TASK BRIEF: Scan the records below for the line with "Harzer Montage Werkstätten by Sascha Kranga" and the line with "Inicial para voluntários", and retype that range exactly, both ends included, pictures excepted.

TASK MATERIAL:

───

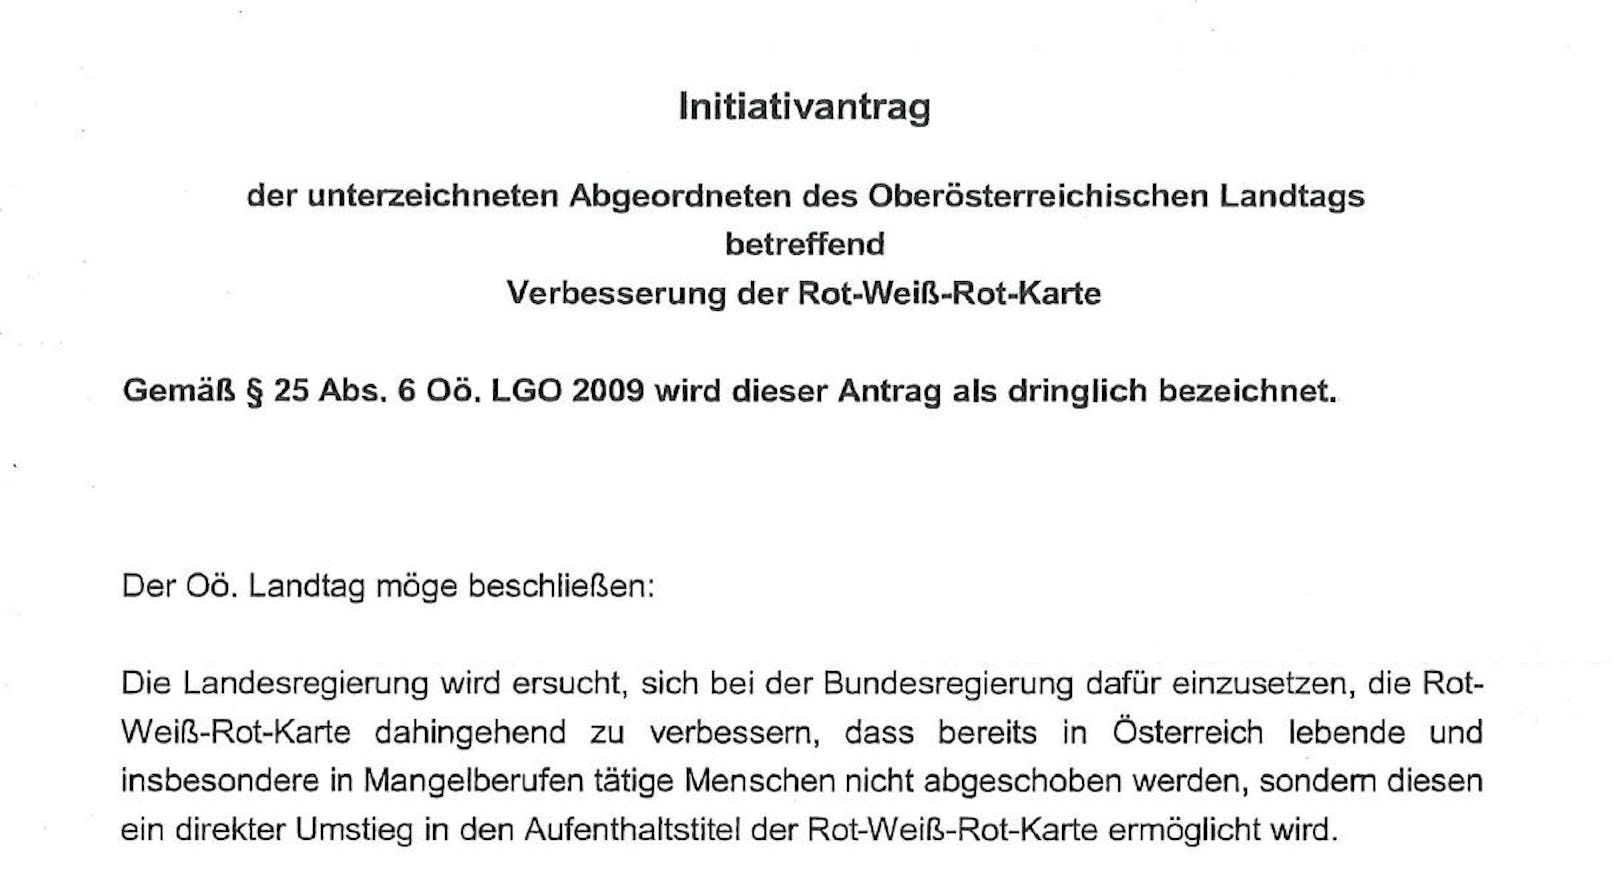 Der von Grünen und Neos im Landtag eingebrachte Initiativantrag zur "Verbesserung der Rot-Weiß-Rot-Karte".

───

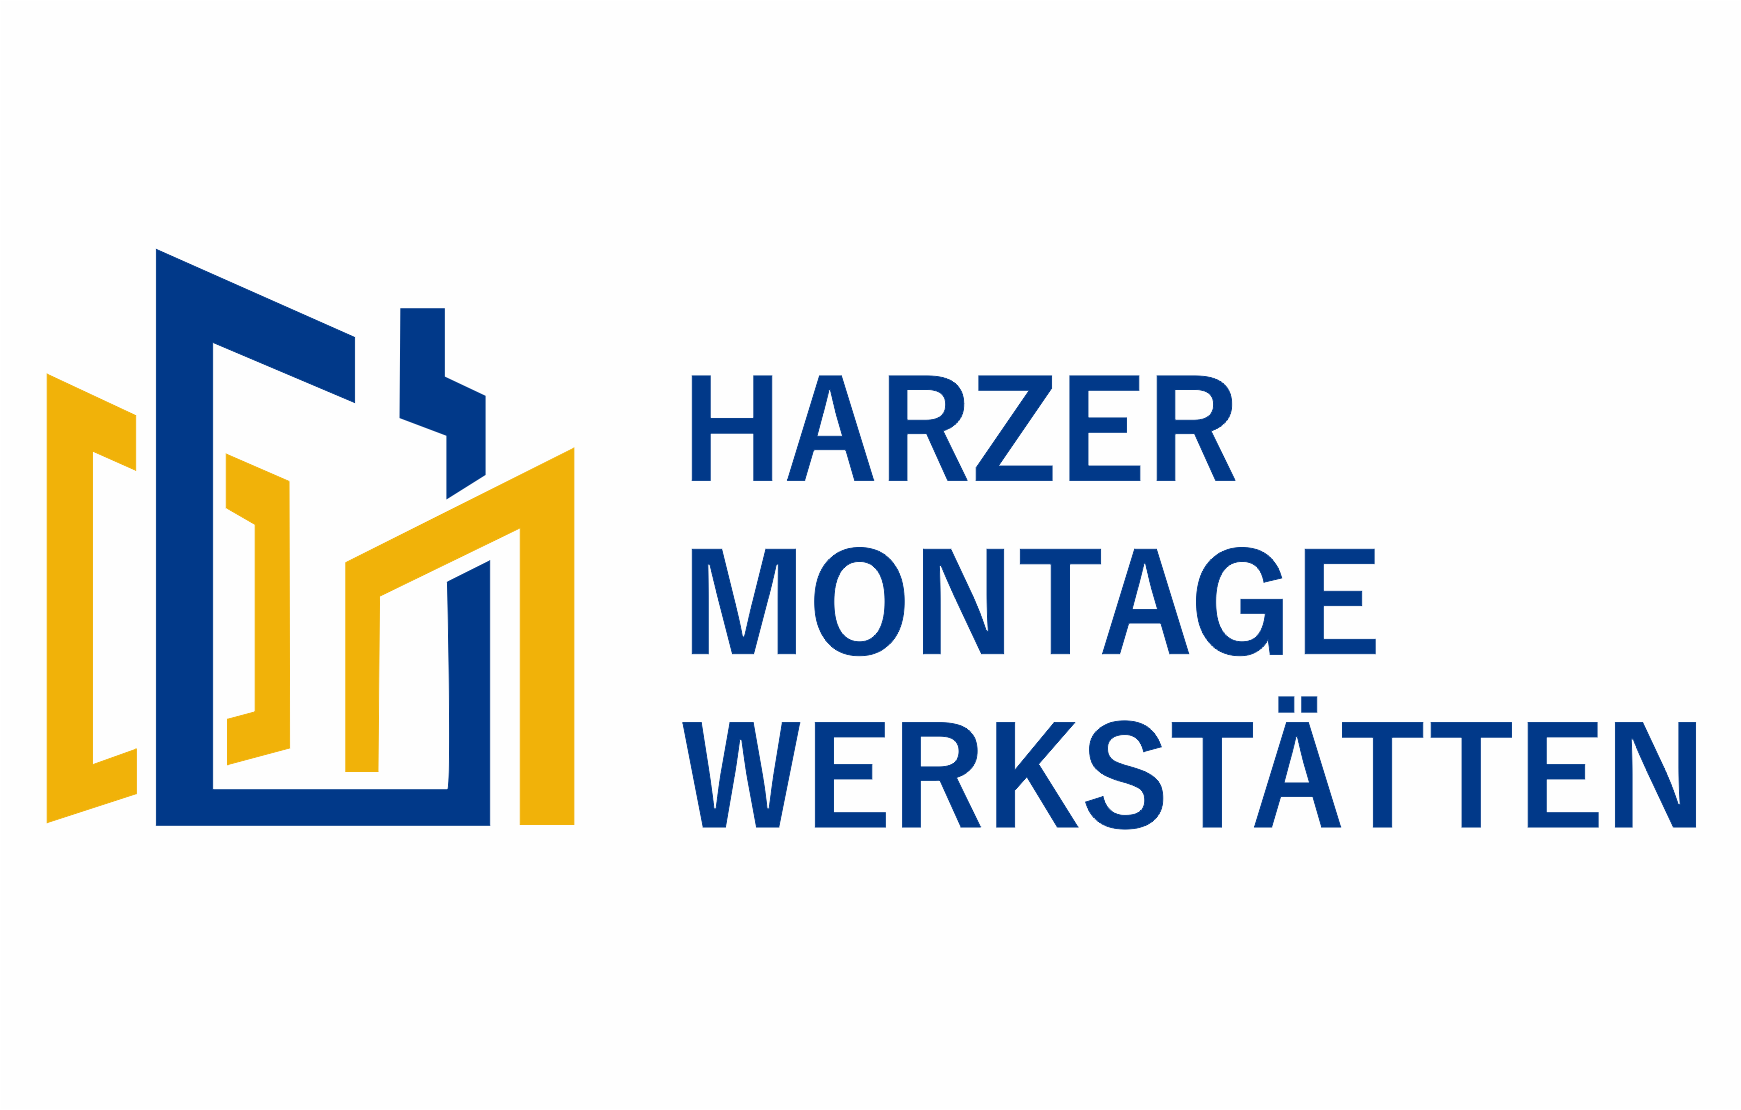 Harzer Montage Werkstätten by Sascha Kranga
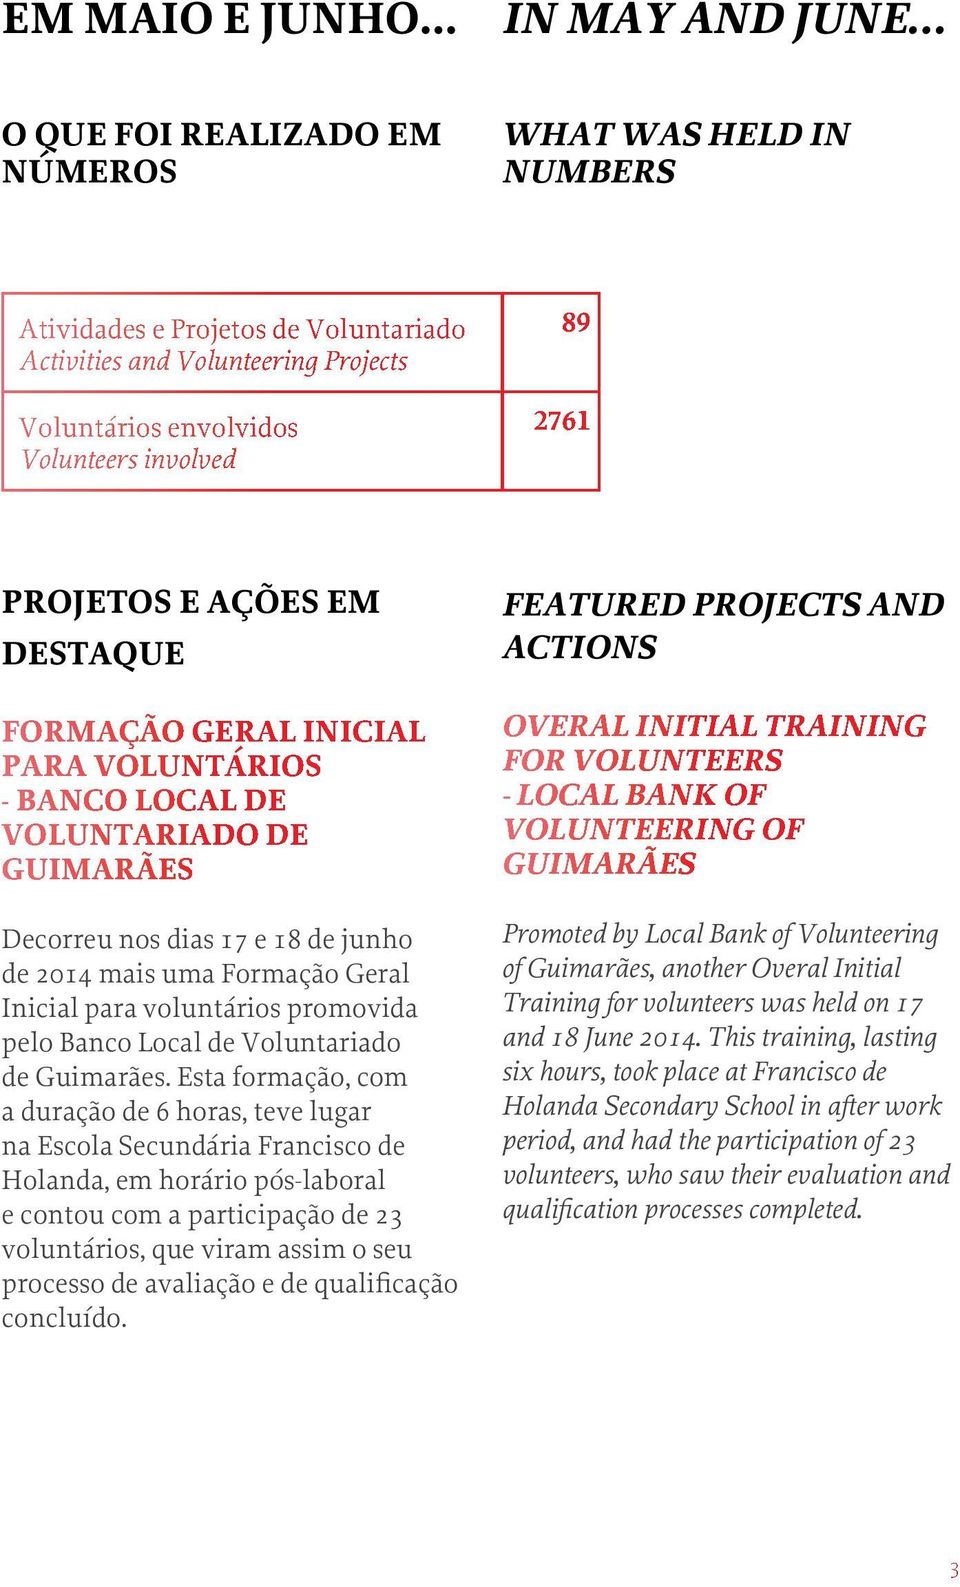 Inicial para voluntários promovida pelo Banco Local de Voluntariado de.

───

ANSWER AREA:
 Harzer Montage Werkstätten by Sascha Kranga
 Inicial para voluntários promovida pelo Banco Local de Voluntariado de.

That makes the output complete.